A monografia de Deleuze começa apresentando uma leitura de Hume que se mostrou bastante influente entre os filósofos de língua inglesa – ela representa Hume como o porta-estandarte de um tipo de naturalismo básico, algo como uma filosofia do senso comum. Este conceito provou ser repetidamente influente entre os filósofos britânicos e alguns americanos, para grande perplexidade de muitos outros.



Em seguida, examina o papel que a ficção, ou melhor, as ficções, desempenham na filosofia de Hume e como elas desvendam essa concepção bastante direta do pensamento de Hume. Por fim, este artigo considera as consequências de considerar a razão insuficiente, ao expor v de Deleuze eu Aquele e, em seguida, oferecendo alguns contra-argumentos.

O papel da imaginação na filosofia de David Hume

  litografia de david hume
Uma litografia de David Hume por Antoine Maurin, 1820, via NYPL Digital Collections.

Se estivermos interessados ​​em oferecer uma interpretação do relato humeano da crença, devemos começar com um conceito intimamente relacionado – o da imaginação. Hume, notoriamente, considera nossa imaginação um lugar inseguro e mutável. Se quisermos usar uma metáfora espacial, a concepção de imaginação de Hume carece de um núcleo – isso é mais geralmente verdadeiro para A teoria da mente e do eu de Hume .



A imaginação, de fato, em certos pontos, parece subsumir o próprio conceito de mente e se tornar o conceito definitivo pelo qual Hume entende a vida mental.



Deleuze explica esta faceta da filosofia de Hume da seguinte forma:



“Hume nunca deixa de afirmar a identidade entre a mente, a imaginação e a ideia.
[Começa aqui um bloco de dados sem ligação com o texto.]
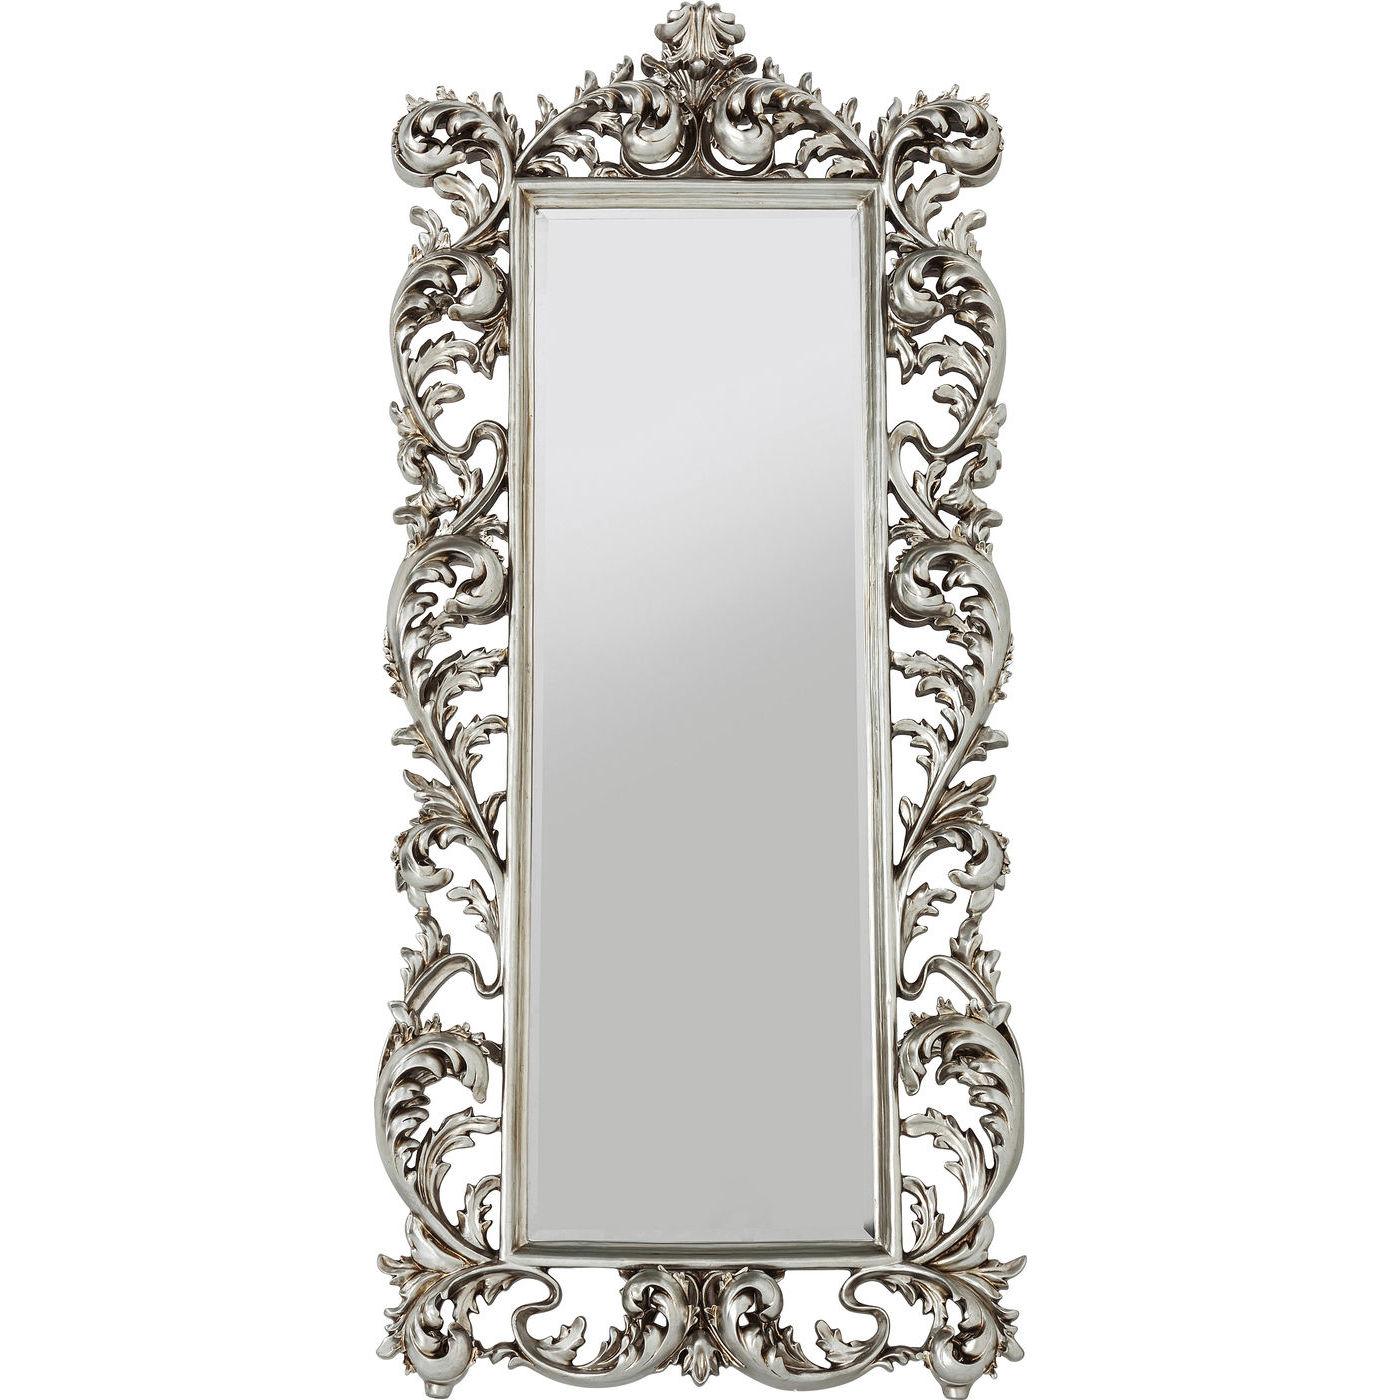 Billede af Kare Design Spejl, Sun King Rectangular Silver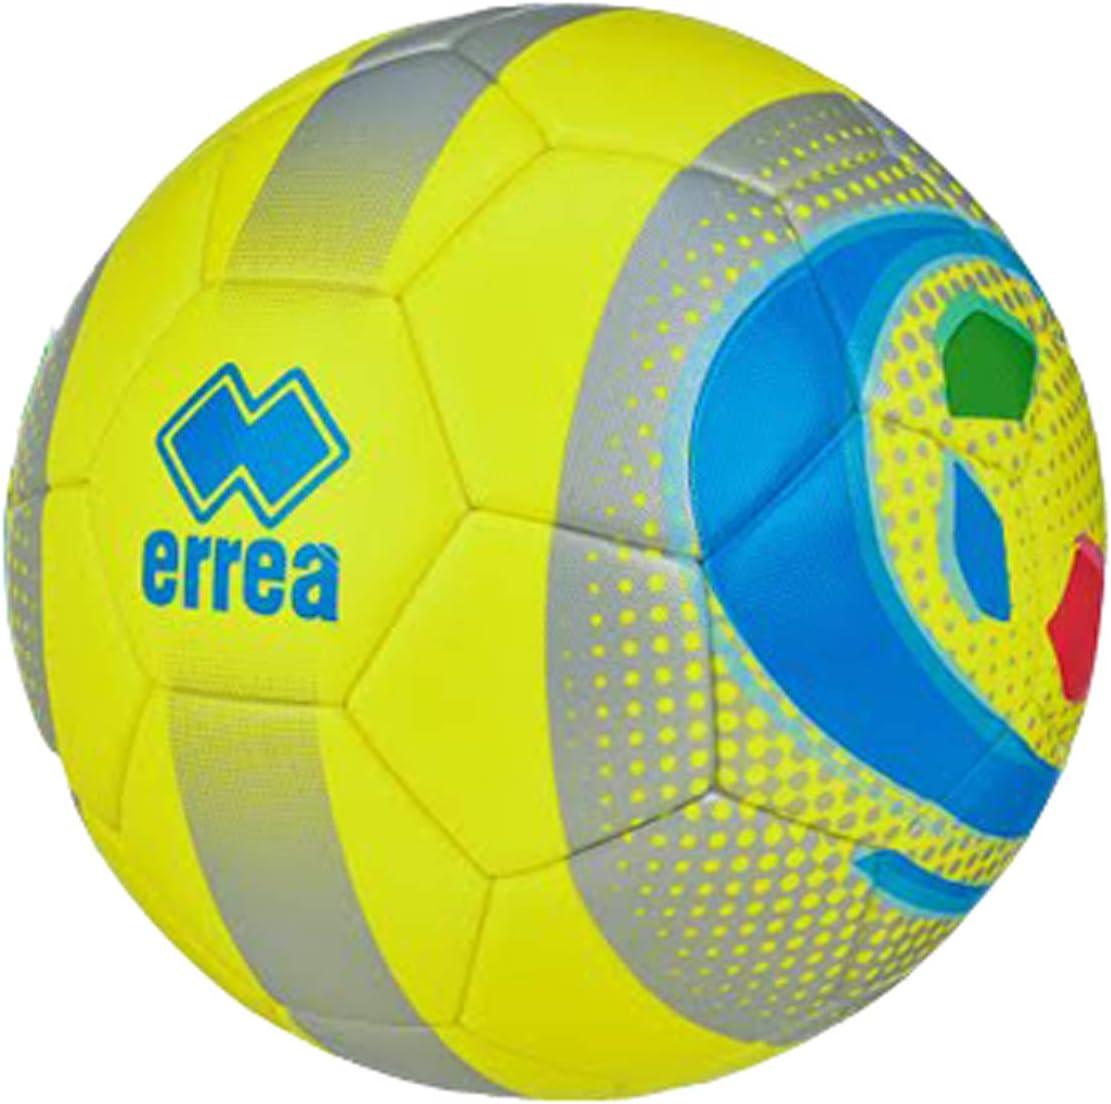 Errea Balón Oficial Serie C 2018/2019 Versión Color Amarillo ...

A mente não é natureza, nem tem natureza [...] A coleção de idéias é chamada de 'imaginação' na medida em que este termo designa não uma faculdade, mas um conjunto, um conjunto de coisas no sentido mais vago do termo, que são o que parecem – uma coleção sem álbum, uma peça sem palco, um fluxo de percepções”.



Empirismo, Hábitos e Razão

  pintura de allan ramsay hume
Retrato de David Hume quando jovem, Allan Ramsey, 1754, Galeria Nacional de Retratos da Escócia.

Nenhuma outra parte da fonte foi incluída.